A matrix of 100,000 taxa is quite bulky, but the tree it represents can be made
to fit into about 7.6MB of RAM if implemented using only C primitives. This
is small enough to fit into L2 cache on many modern microprocessors. This comes
at the cost of traversing the tree for every calculation (about 16 hops from
leaf to root for a 100,000 taxa tree), but, as these operations all happen
on-chip, the processor can take full advantage of
pipelining,
speculative execution
and other optimizations available in modern CPUs. And, because SuchTree objects
are immutable, they are thread-safe. You can take full advantage of modern
multicore chips.
Here, we use SuchTree to compare the topology of two trees built
from the same 54,327 sequences using two methods : neighbor joining
and Morgan Price's FastTree
approximate maximum likelihood algorithm. Using one million randomly
chosen pairs of leaf nodes, we look at the patristic distances in each
of the two trees, plot them against one another, and compute
correlation coefficients.
On an Intel i7-3770S, SuchTree completes the two million distance
calculations in a little more than ten seconds.

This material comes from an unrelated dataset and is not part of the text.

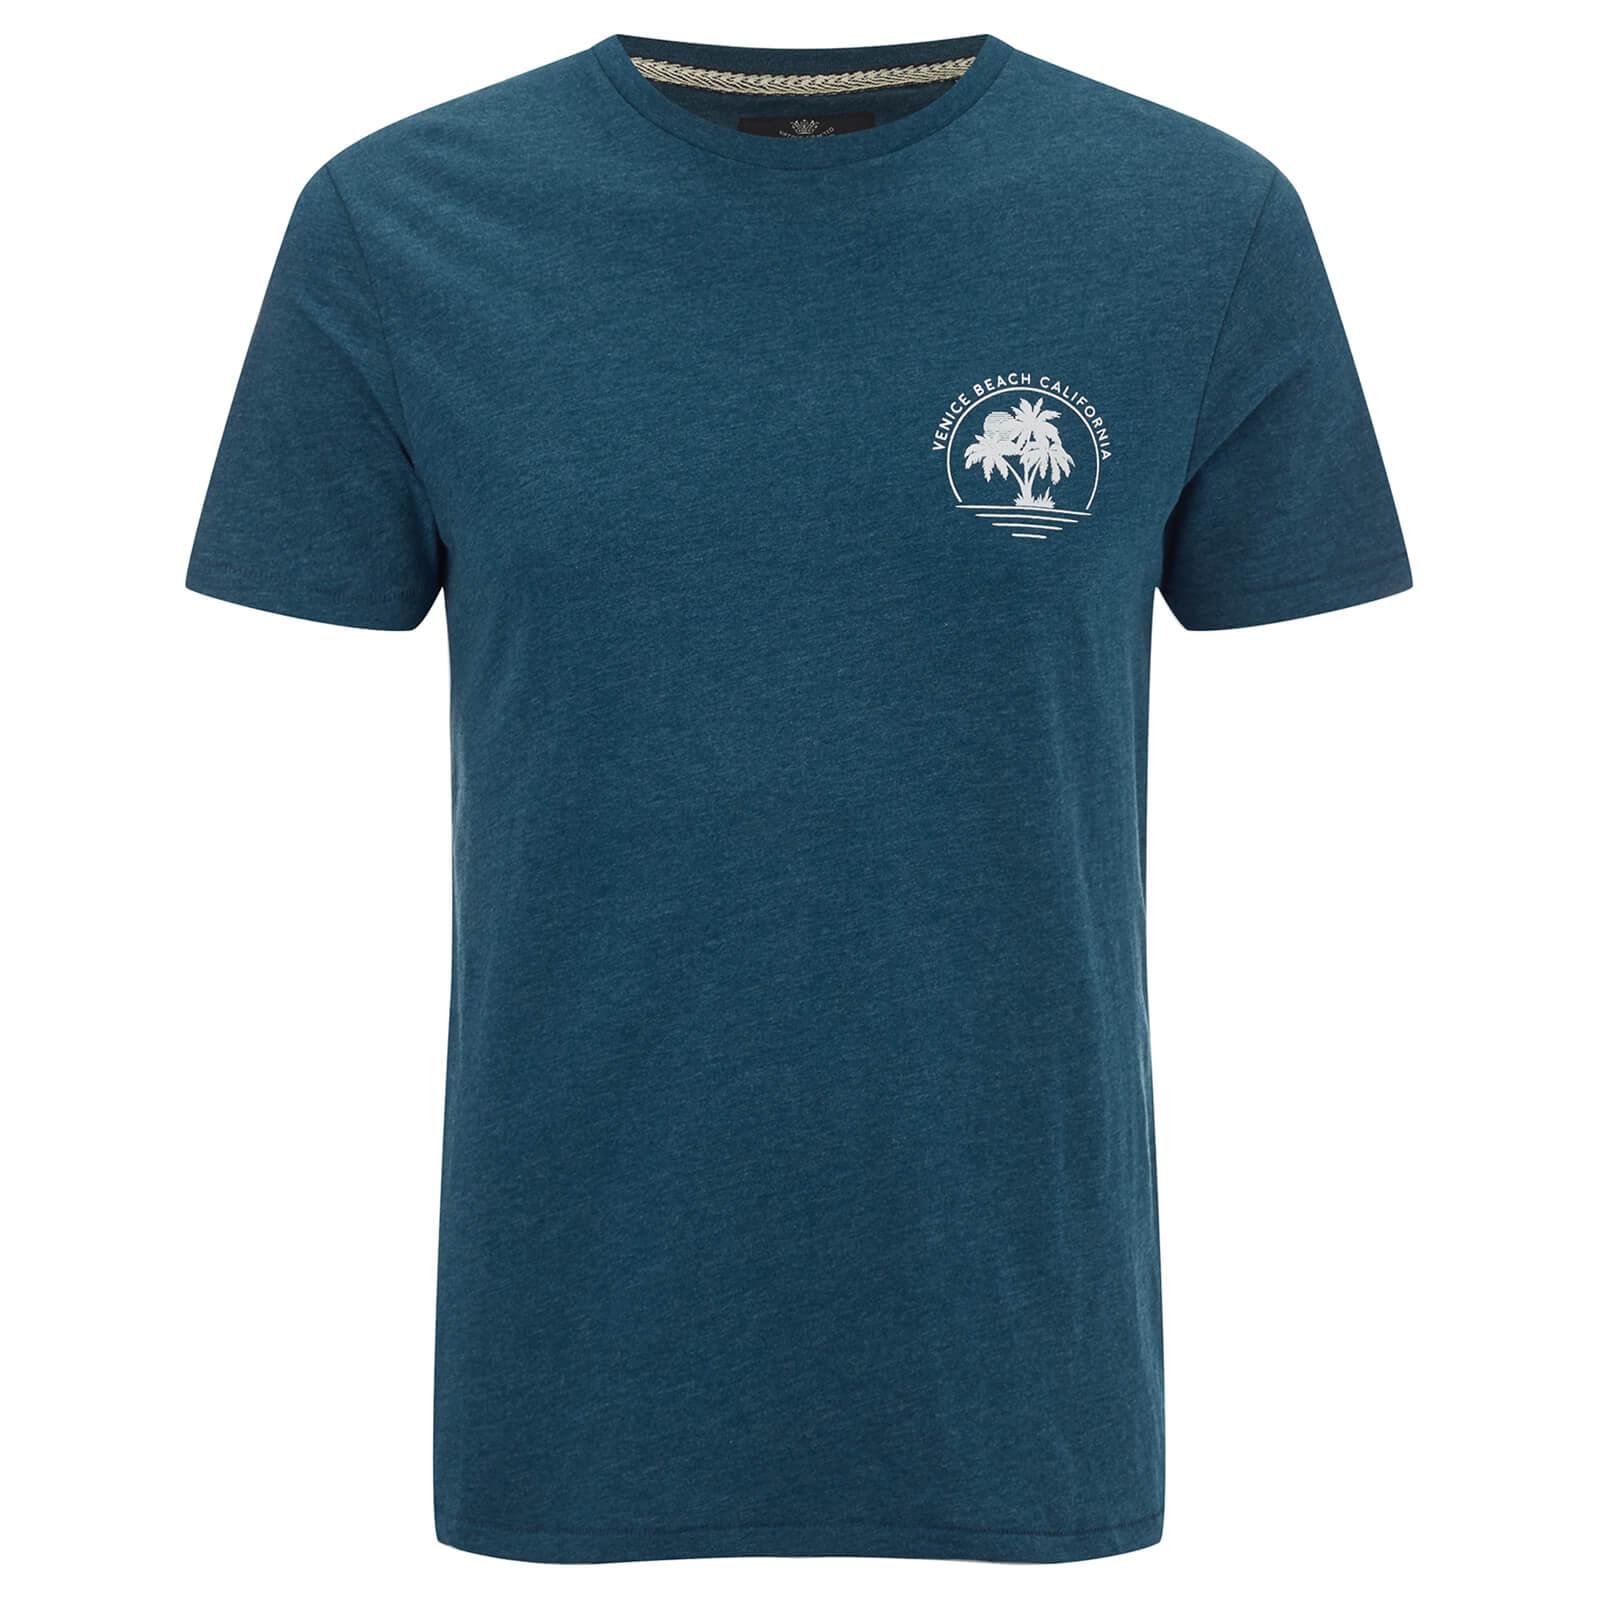 Threadbare Men's Venice Beach T-Shirt - Ocean Blue Marl Talla. s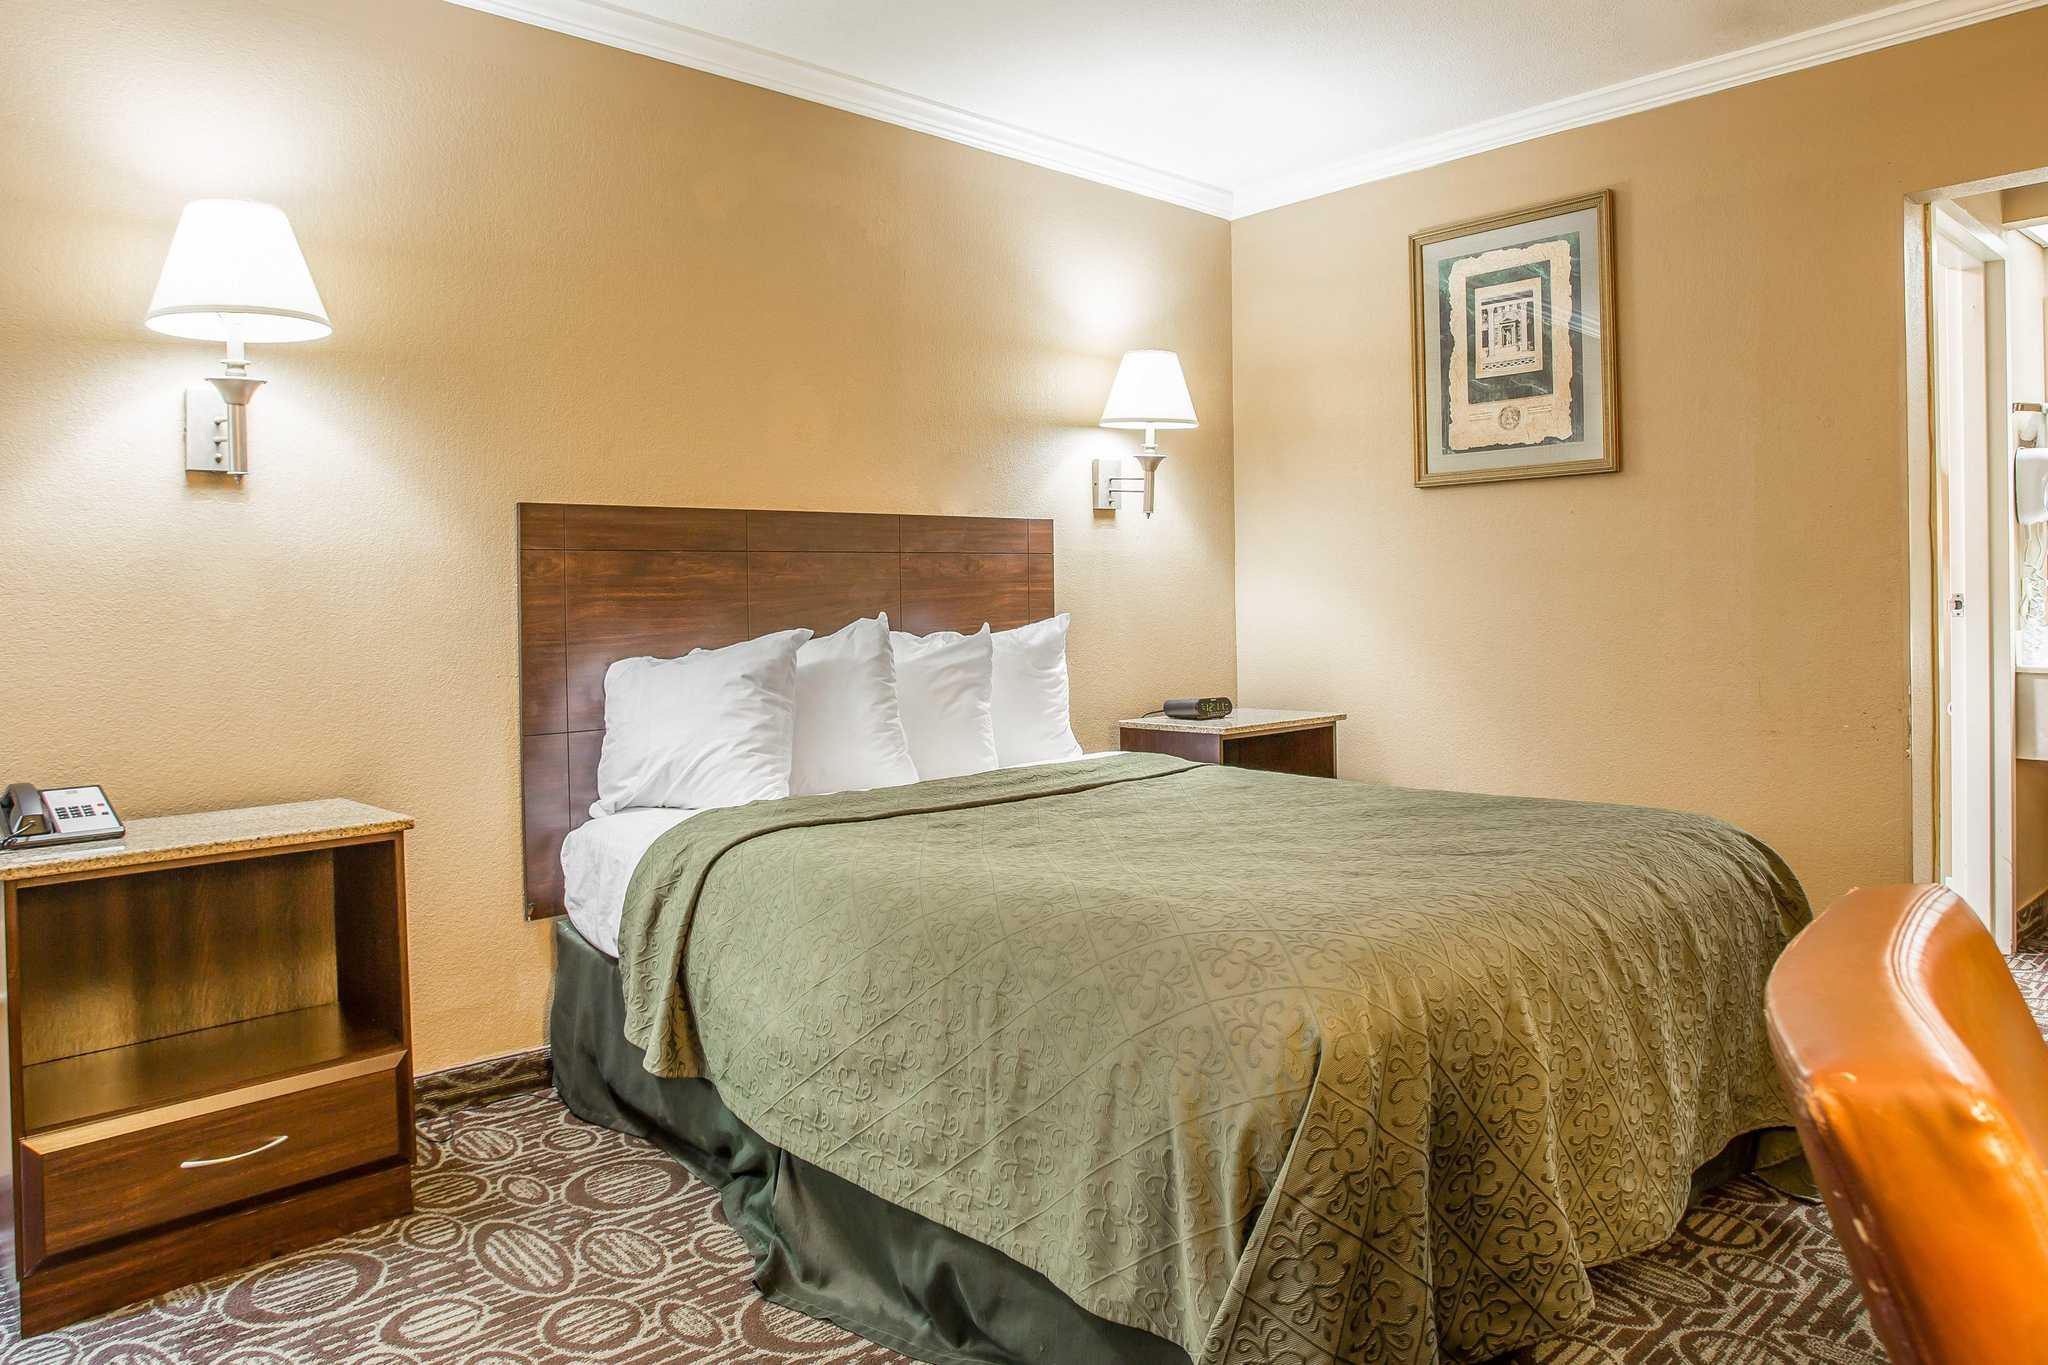 Quality Inn & Suites Ft. Jackson Maingate image 14

from SuchTree import SuchTree
import random
T1 = SuchTree( 'data/bigtrees/ml.tree' )
T2 = SuchTree( 'data/bigtrees/nj.tree' )
print( 'nodes : %d, leafs : %d' % ( T1.length, len(T1.leafs) ) )
print( 'nodes : %d, leafs : %d' % ( T2.length, len(T2.leafs) ) )
nodes : 108653, leafs : 54327
nodes : 108653, leafs : 54327
N = 1000000
v = list( T1.leafs.keys() )
pairs = []
for i in range(N) :
pairs.append( ( random.choice( v ), random.choice( v ) ) )
%time D1 = T1.distances_by_name( pairs ); D2 = T2.distances_by_name( pairs )
CPU times: user 10.1 s, sys: 0 ns, total: 10.1 s
Wall time: 10.1 s

from scipy.stats import kendalltau, pearsonr
print( 'Kendall\'s tau : %0.3f' % kendalltau( D1, D2 )[0] )
print( 'Pearson\'s r : %0.3f' % pearsonr( D1, D2 )[0] )
Kendall's tau : 0.709
Pearson's r : 0.969